I met Giuliano during my stay in Rome and immediately fell in love with his poetic and sophisticated art. His style is very unique and embodies both the classical school of painting as well as his own interpretations and explorations. Here is my interview with the artist.
Where were you born?
I was born in Noto (near Syracuse) but in my early years I moved to Modica, a beautiful baroque town in the south east of Sicily.
How long have you been in Rome?
I moved to Rome when I was 18 to study in the “Accademia di Belle Arti” (Academy of Fine Arts), but the city pretty much adopted me and I still live and work there.
What does the word “Art” mean to you?
I don’t think anyone has ever invented a single word which could be able to describe what art means for me.
In my opinion, the art of the great Masters of the past is pure passion; my art instead is a life necessity, a sort of “water in the desert”, a shelter where I feel good or bad, but which me and only me can access.
How can you describe your work?
I don’t love describing my work, I think it’s not a task which is up to me, and I leave it to others.
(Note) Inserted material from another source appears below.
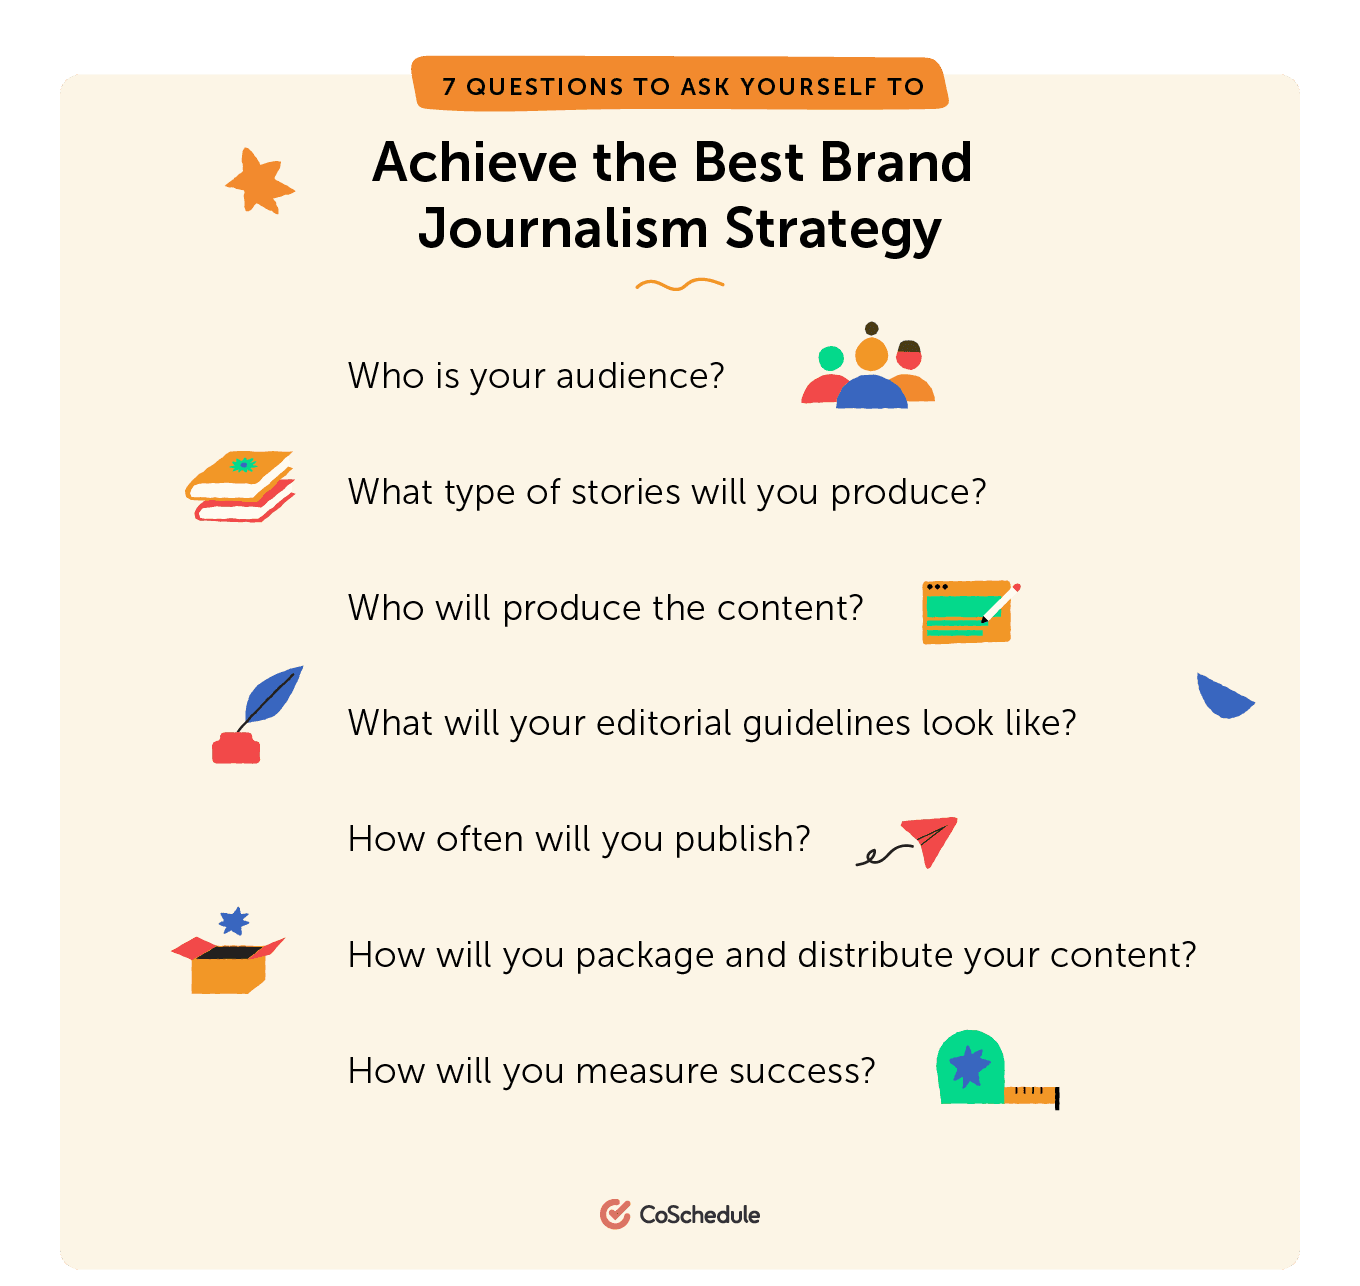 Questions to ask yourself about journalism strategy
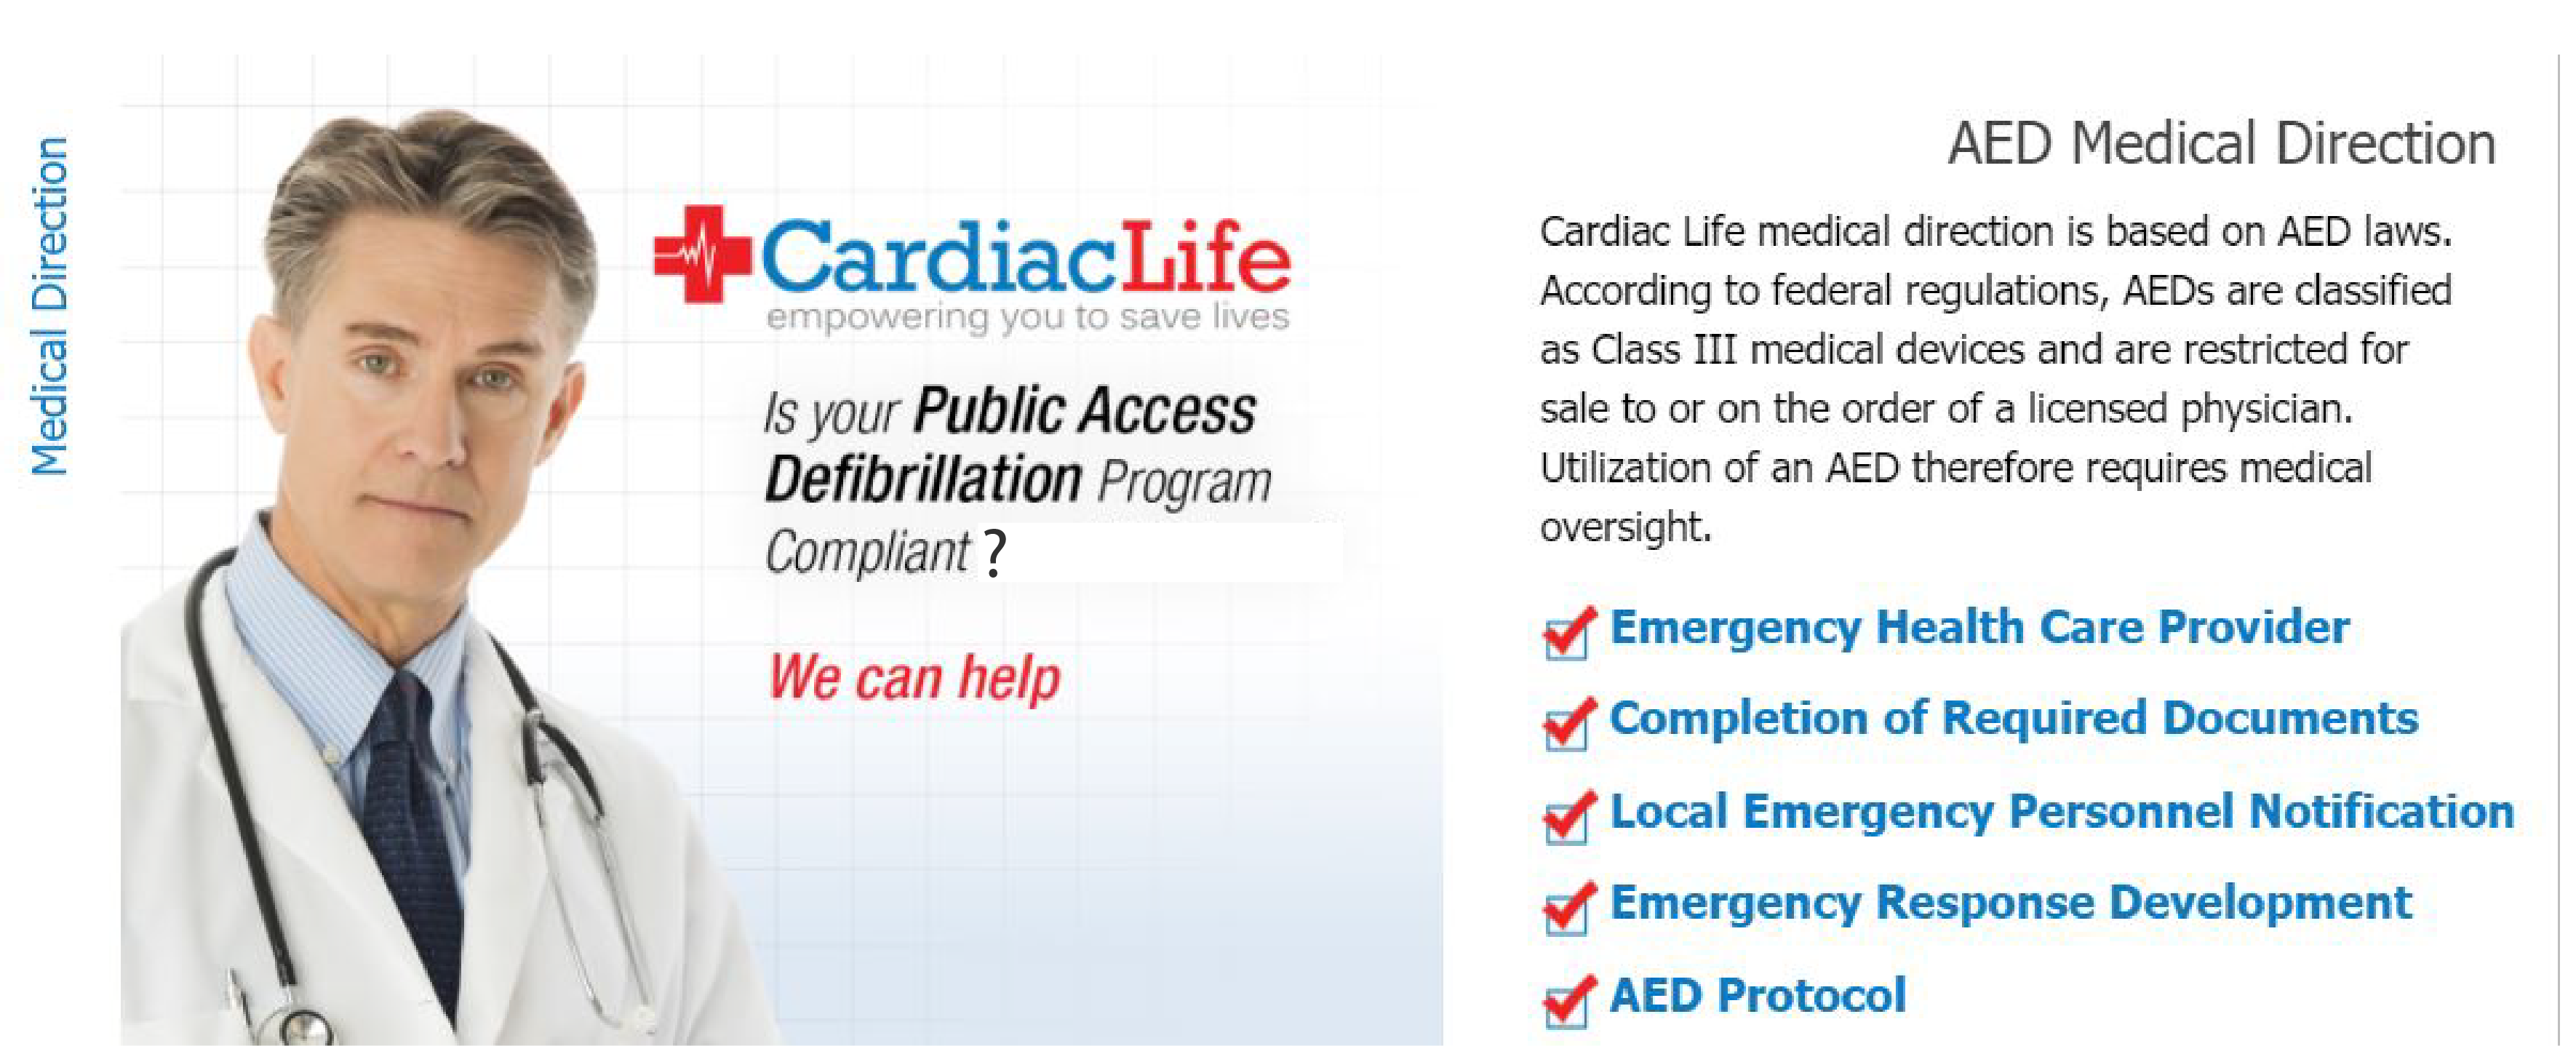 AED Medical Direction

But I love the street, the people in the bars, Goya and Picasso.
What inspires you?
After having studied art history for several years and having scrutinized the works of great writers like Sartre and Dostoevskij, which created inside me a well–foundedimagination, I can say that what inspires me the most is life, living it thoroughly, in the nights and in the eyes of people.
How can you describe the art scene in Rome?
Being a European capital, with so much history and background, the art scene in Rome certainly offers a lot for every taste, from the promotion of young artists to the exhibitions of the great Masters of the past; but also, by takinga walk in the city center you can find everything, the city center itself is already a wonderful open-air exhibition.
What is your travel advice for an art lover visiting Rome ?
To an art lover I would advise to visit the Basilica of Santa Maria del Popolo; inside it you can find the work of Caravaggio, for free. What I also recommend are the streets themselves; in the city center, the neighborhood of Travestere is always able to inspire me.
I hope you enjoyed our interview and if you are in Rome, visit Giuliano’s upcoming exhibition.